Indonesian farmers are being trained in ways to adapt to changing weather patterns, and depending on the province, urged to plant alternative crops to rice that can cope better with dry conditions, the head of Indonesia's weather agency told Reuters.
Malaysia's government has formed a water crisis committee, headed by the deputy prime minister, that will work with various ministries to monitor any El Nino impact.

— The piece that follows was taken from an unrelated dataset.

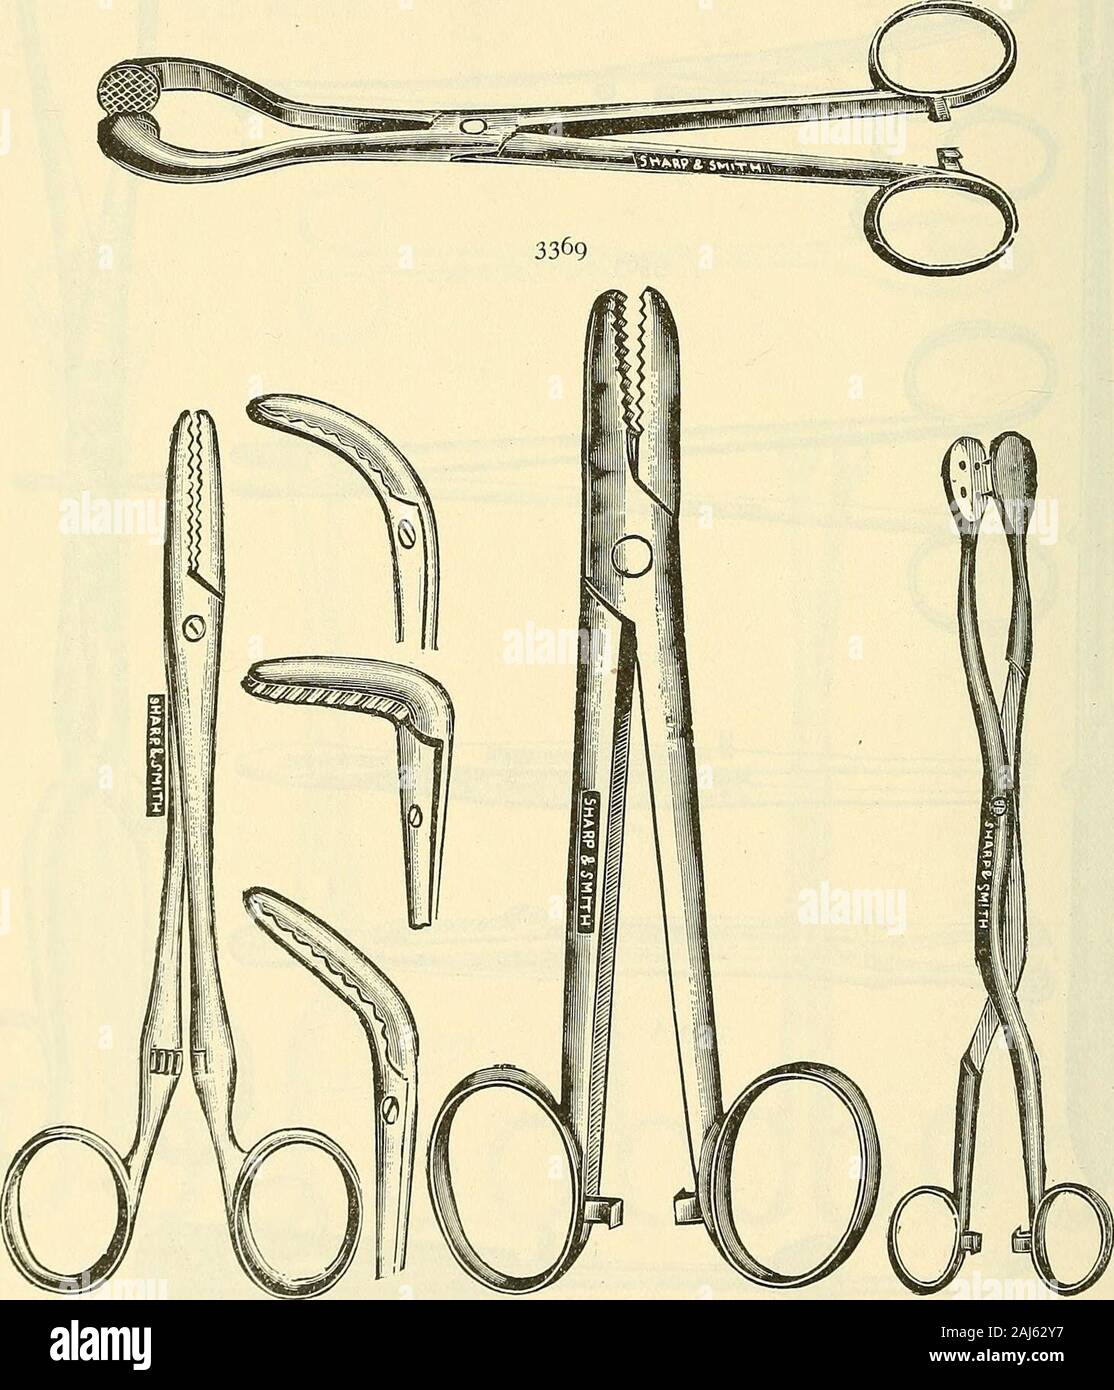 Catalogue of Sharp & Smith : importers, manufacturers, wholesale and retail dealers in surgical instruments, deformity apparatus, artificial limbs, artificial eyes, elastic stockings, trusses, crutches, supporters, galvanic and faradic batteries, etc., surgeons' appliances of every description . 3364 586 SHARP & SMITH, CHICAGO. OVARIOTOMY INSTRUMENTS. Nelatons Pedicle Forceps $ 2 85 Spencer Wells Pedicle Forceps, angular 3 75 straight 3 75 half curved 3 75 full 375 Sac 3 75 Sidney F. Wilcoxs 4 25 Thomas 2 25 Thompsons Vesico Tumor Forceps 4 50 • 4 50 ••?• 450 Dr. C. M. Wilsons 450 *3367*3368 * Stock Photo

The government is also encouraging industry to use underground or recycled water and increase the capacity of water storage tanks.
A major difference from the last El Nino in 2009 is that food stockpiles have risen, which should help mitigate any impact on prices.
India is sitting on a mound of staple foods such as rice, wheat and sugar, largely thanks to bumper harvests in the last few years, while Thailand is in the process of selling down rice stocks built up during an ill-fated subsidy scheme.
Global rice stockpiles have risen by 15 million tonnes since 2009 to stand at 109 million tonnes now, according to the U.S. Department of Agriculture, with the bulk of the increase in India, Thailand and China.
"If the monsoon rains fail to meet expectations, we are prepared to release more rice and wheat from government stocks into the open market to ensure prices do not go up," said an Indian food ministry official, who did not want to be identified because he is not authorized to speak to the media.
India's central government will also provide seed varieties that can cope better with dry conditions, and funding to state governments when needed, he added.
In Thailand, which before the subsidy scheme made its rice uncompetitive was the world's largest exporter of the grain, stocks had swelled to around 17 million tonnes.